The `load` method is used to load a stop words list with the following parameters:

* `bank`: The name of the list's bank, `nltk` or `other`.
* `lang`: The name of the language as spelled in English, e.g. `norwegian`, *or* the language's two-letter ISO 639-1 code. See below for a table of ISO 639-1 codes.
* `list_num`: The number of the desired list for those languages with more than 1 list in a bank, such as Hindi and Polish in the `other` bank. The `list_num` parameter can be omitted for those languages with only a single list.

### Examples

* Loading the stop words list for Finnish, ISO 639-1 code `fi`, from the `nltk` bank.

```python
_finnish = gotstopwords.load("nltk", "fi")

# or

_finnish = gotstopwords.load("nltk", "finnish")
```

* Loading the stop words list for Spanish, ISO 639-1 code `es`, from the `nltk` bank.

```python
_spanish = gotstopwords.load("nltk", "es")

# or

_spanish = gotstopwords.load("nltk", "spanish")
```

* Loading the stop words list for English, ISO 639-1 code `en`, from the `other` bank.

```python
_english = gotstopwords.load("other", "en")

# or

_english = gotstopwords.load("other", "english")
```

* Loading the first stop words list for Hindi, ISO 639-1 code `hi`, from the `other` bank.

```python
_hindi1 = gotstopwords.load("other", "hi", "1")

# or

_hindi1 = gotstopwords.load("other", "hindi", "1")

# or

_hindi1 = gotstopwords.load("other", "hi", 1)

# or

_hindi1 = gotstopwords.load("other", "hindi", 1)
```

Stop words lists are returned as a Python list. If there is no stop words list associated with the values that are input, an empty list will be returned.

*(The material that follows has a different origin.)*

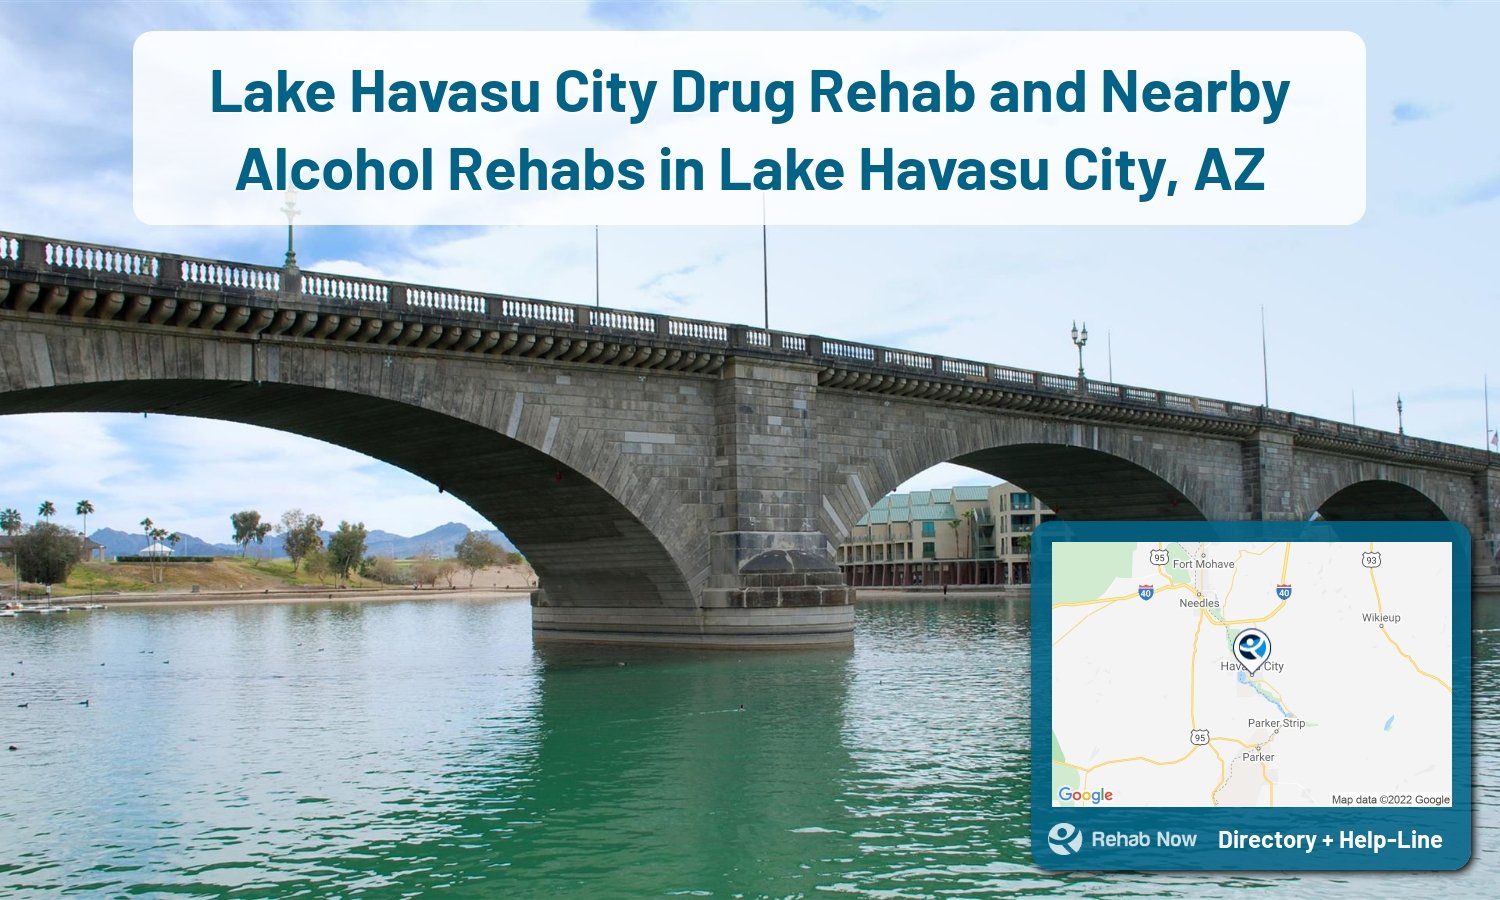 Ready to pick a rehab center in Lake Havasu City? Get off alcohol, opiates, and other drugs, by selecting top drug rehab centers in Arizona

> **Note:** Bank and language names can also be entered with capital letters if desired.  

## ISO 639-1 Language Codes

> **Note:** There is no ISO 639-1 code for Hinglish. However, the package permits specification of the Hinglish stop words list using the 2-character code `hn`.

| ISO 639-1 Code | Language |
| :---: | :--- |
| ar | arabic |
| az | azerbaijani |
| bg | bulgarian |
| bn | bengali |
| ca | catalan |
| da | danish |
| de | german |
| el | greek |
| en | english |
| es | spanish |
| eu | basque |
| fa | persian |
| fi | finnish |
| fr | french |
| he | hebrew |
| hi | hindi |
| hu | hungarian |
| hy | armenian |
| id | indonesian |
| it | italian |
| ja | japanese |
| kk | kazakh |
| lv | latvian |
| ne | nepali |
| nl | dutch |
| no | norwegian |
| pl | polish |
| pt | portuguese |
| ro | romanian |
| ru | russian |
| sl | sloveve |
| sv | swedish |
| tg | tajik |
| tr | turkish |
| zh | chinese |

## Sources

NLTK word lists are obtained from: http://anoncvs.postgresql.org/cvsweb.cgi/pgsql/src/backend/snowball/stopwords/

## License

This project is licensed under the terms of the **MIT** license.